Last year I was sitting watching the grand final and this tiny seed of an idea came to me – I’d start a footy blog. I mean, I like writing and I like sport and I know how to turn on a computer, so what could be so hard? As the idea continued to build, I realised that what I really wanted was a place to publish all the great stories my friends have earned over the years. We all have them – the anecdotes and special memories and moments that made us laugh or cry and question why we let this game run our lives. My genius idea (sarcasm) was to interview my friends and get those stories out of them, though had I remembered just how much work is involved in transcribing interviews this may never have gotten off the ground!
While most of us who are footy fans are accustomed to the banter and discussion that goes on around the game, I realised that very rarely have I sat down with my mates and had an in depth discussion about why we love this thing so much and so hard, and what their opinions are on the way AFL is evolving. Those half hours grabbed in the office green room, parked cars, lounge rooms and rooftop bars were some of my favourite moments of the year. They also made me appreciate just how wonderful (and funny) my brilliant friends are. To Clair, Westy, Frosty, Beck, Carla, Ivo, Jane, Roger, Ben, Kate, Cheyno and Cath: a massive thanks for trusting I would do you justice and subjecting yourselves to my incredibly rusty interviewing skills. I have loved doing this and loved telling all of your stories.
And to finish 2015, this is my story.
“I’m a Port Adelaide supporter and have been from the time I started following AFL. I get asked about it all the time; I think for people in the eastern states it’s still a bit of a novelty to come across a Power fan. I was born and bred in NSW but we grew up with rugby league and rugby union – AFL was always ‘aerial ping pong’ to us and something that the Victorian interlopers watched. It wasn’t until the Swans made the 1996 grand final that my family took an interest. They all went with Sydney and I decided to be different and go for the new team that was entering the competition the next year, which was Port Adelaide. It’s funny, I think my decision to follow Port was also motivated a bit by my best friend at the time who chose to follow them as well but my love of PAFC has lasted about 10 years longer than that friendship. So it is definitely a commitment and one for life.

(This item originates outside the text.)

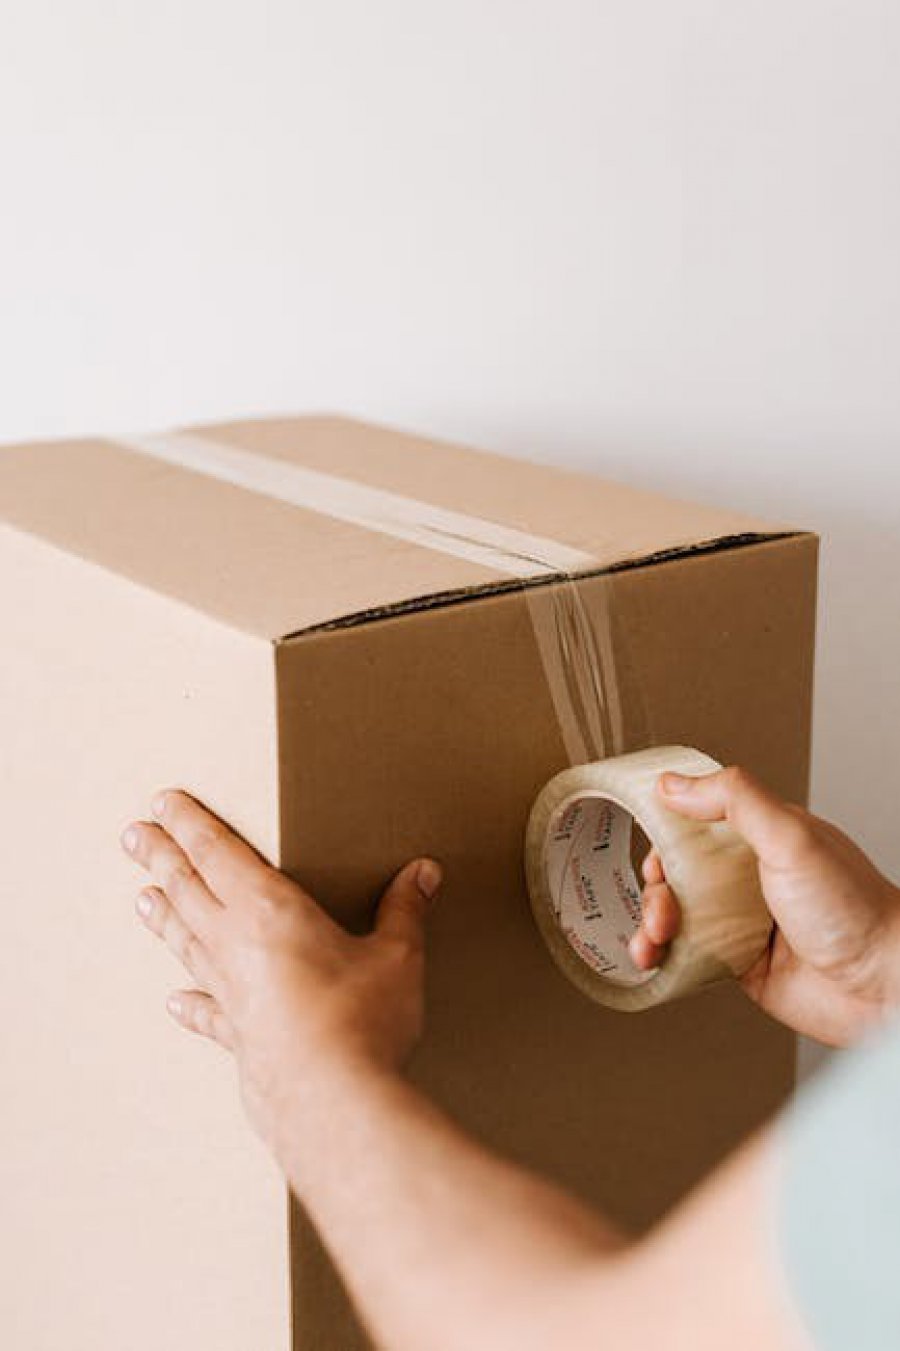 Pudełka wysyłkowe - kluczowe elementy opakowań dla sklepów internetowych w e-commerce

That said, I have an incredible soft spot for the Swans and for many years had memberships to both clubs. I love seeing my family happy and watching the Swans win the 2005 grand final was brilliant. I was here in Melbourne with a group of friends at the Waterside Hotel and it ended up being a pretty big day. At one point I was walking arm in arm down Flinders Street with former Sydney and Collingwood player Paul Licuria singing “Cheer cheer the red and the white” at the top our of lungs. Pretty random. 2012 was also pretty special and one of my favourite moments from that day is seeing my brother Paul, who had been to the game, in the foyer of his hotel and us running towards each other and jumping up and down and hugging. The shared joy of football is one of the things that make it so special I reckon. There are some very particular times each year though that I absolutely cannot stand the Swans and that would be whenever Port Adelaide plays them. We have a significant history of losing to Sydney and the ribbing from my family is almost unbearable, it’s pretty full on. My absolute worst nightmare is a Port Adelaide v Sydney grand final.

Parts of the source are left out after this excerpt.